Turned Leg Walnut Table
Posted December 21, 2016
Walking through a retail furniture store, I noticed a flimsy hall table built from the usual fine-craftsman materials of particle board and staples-- nothing unusual
here. But the 6-leg design in combination with turnings did catch my eye. Thinking about some wall space along a hallway in our house, I said to myself: "Maybe I could
craft a real table from some ideas here". This would be a very long table and the key to a good balance would be in the proportions of width between the legs and the
positioning of the drawers. I struck a balance at about 84" overall length on the top with about 36" between legs.
Adding a turning to the otherwise square leg would give the table a bit of flair, but instead of shaping the entire lower leg, only the area just below the aprons would
have scroll work. I also decided to taper all of the legs beneath the scroll work on all sides instead of just the inward-facing sides, as would normally be the case
on a hall table.
The tapers are hand planed on all sides to smooth them out, a labor of love because most walnut responds so nicely to a sharp plane. Now the legs (including one spare)
are ready for mortise layout. After completing the mortises in all of the legs, the front, rear, drawer dividers, and side aprons are milled up and tenons are cut on
each end. The front and rear aprons are fitted with vertical mortises for attaching the (4) drawer dividers.
All the parts and pieces are now ready to begin assembly. As usual, I number all of the joinery uniquely so that confusion about what piece fits
where can be avoided when glue is applied.
First, the end legs and end aprons are glued together. Then the drawer dividers are attached to the front and back aprons. Next, I added the
persimmon drawer runners, finding it easier to attach them at this point instead of working with the finished glued-up table. The end leg
and apron assemblies are then added to the drawer dividers and front/rear aprons. Finally, both sides are glued to the center legs.
With glue-up completed, measurements for the drawers can be obtained. Drawers sides are built from Western Big-Leaf Maple, with the bottoms from Western Alder.
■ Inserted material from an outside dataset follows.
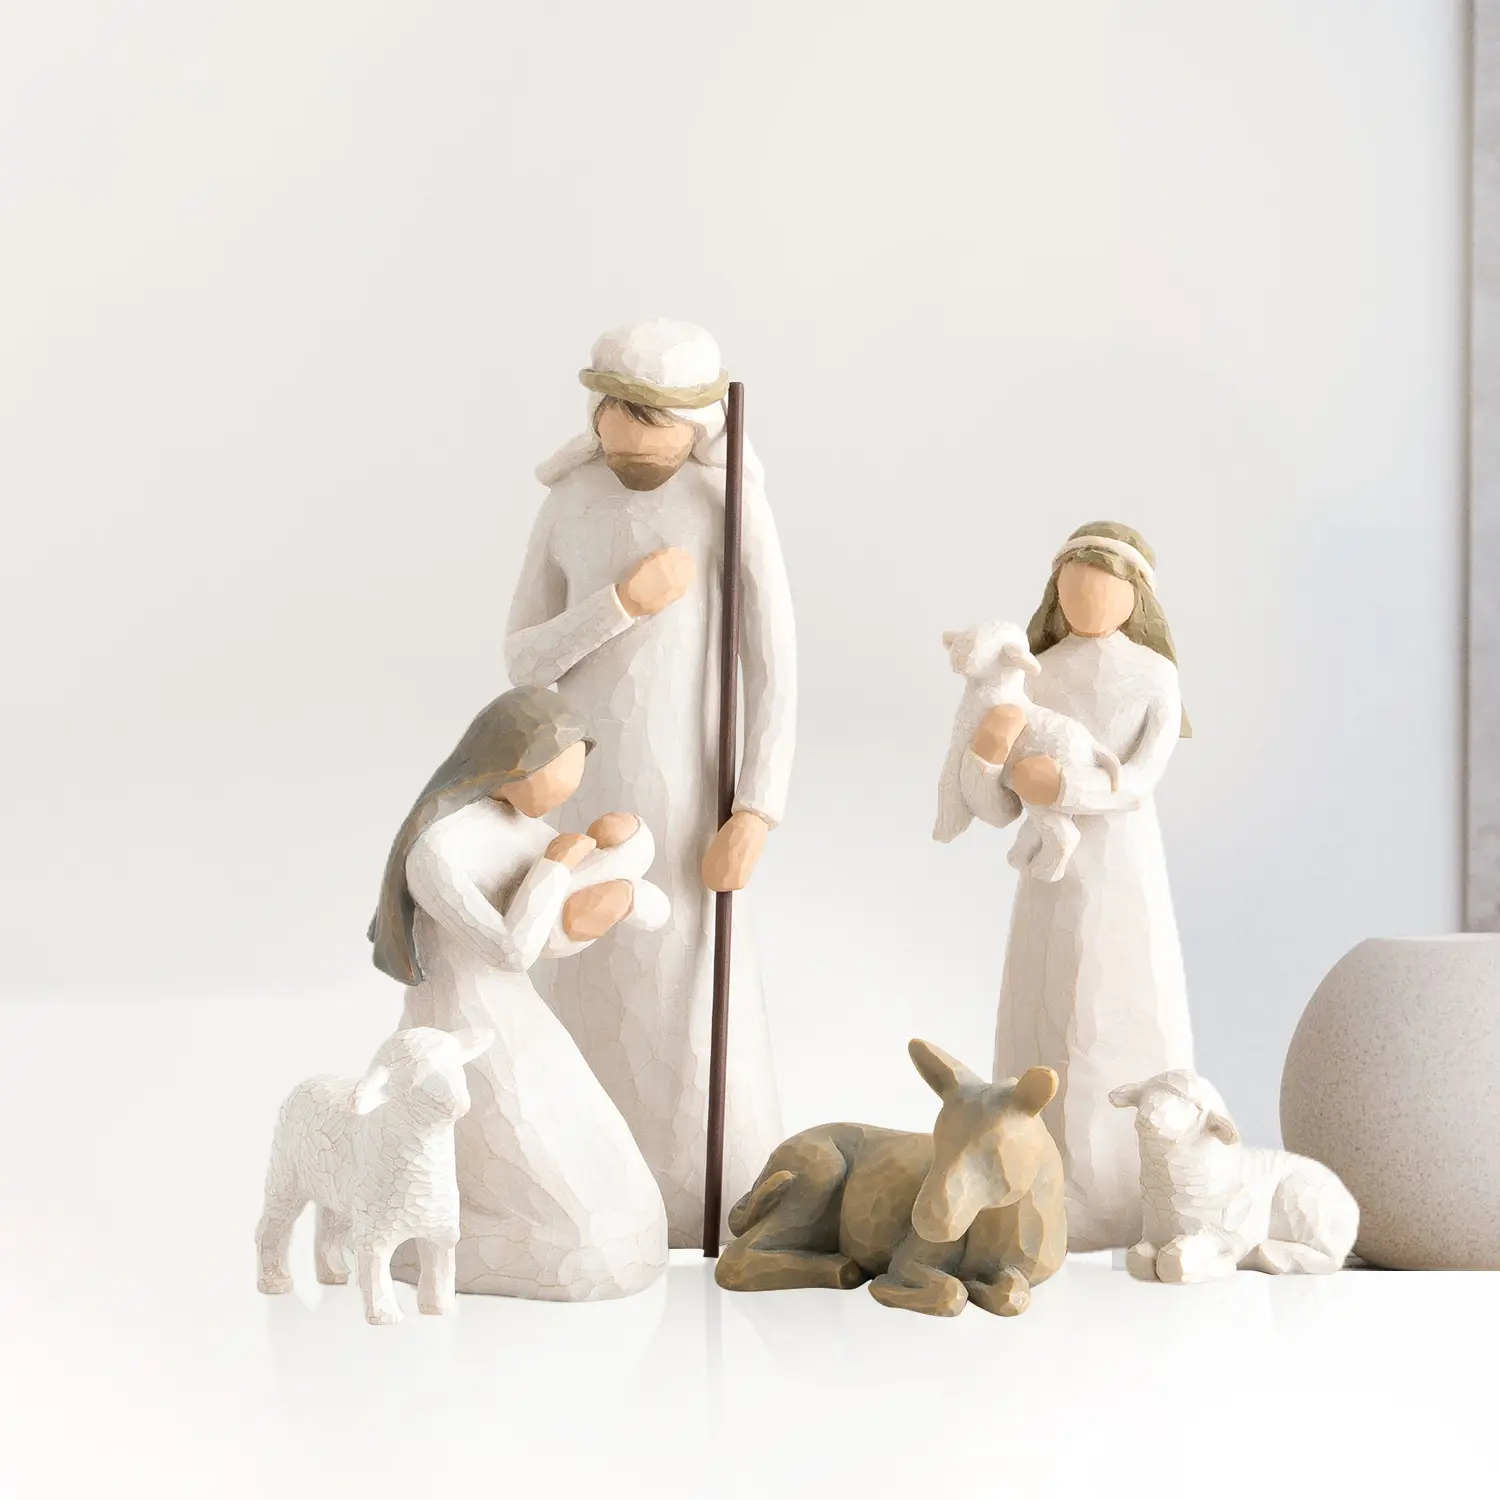 Wholesale hand painted white nativity series resin ornaments 6pcs set creative sculpture home desktop decoration resin crafts

The drawers will have a walnut face glued to the front, which will be proud to the opening in the apron. I beveled the drawer front edges at about 45
deg., leaving a 1/4" lip around the perimeter. The top is very long and required numerous clamps and cauls for glue-up. It will overhand the ends of the table by about
3" and receive an approx. 3" taper to a 1/4" top perimeter. The front edge treatment will mirror the drawers.
Drawer knobs were turned from Madagascar Ebony. The piece was finished with several coats of a combination wipe-on/brush-on urethane varnish.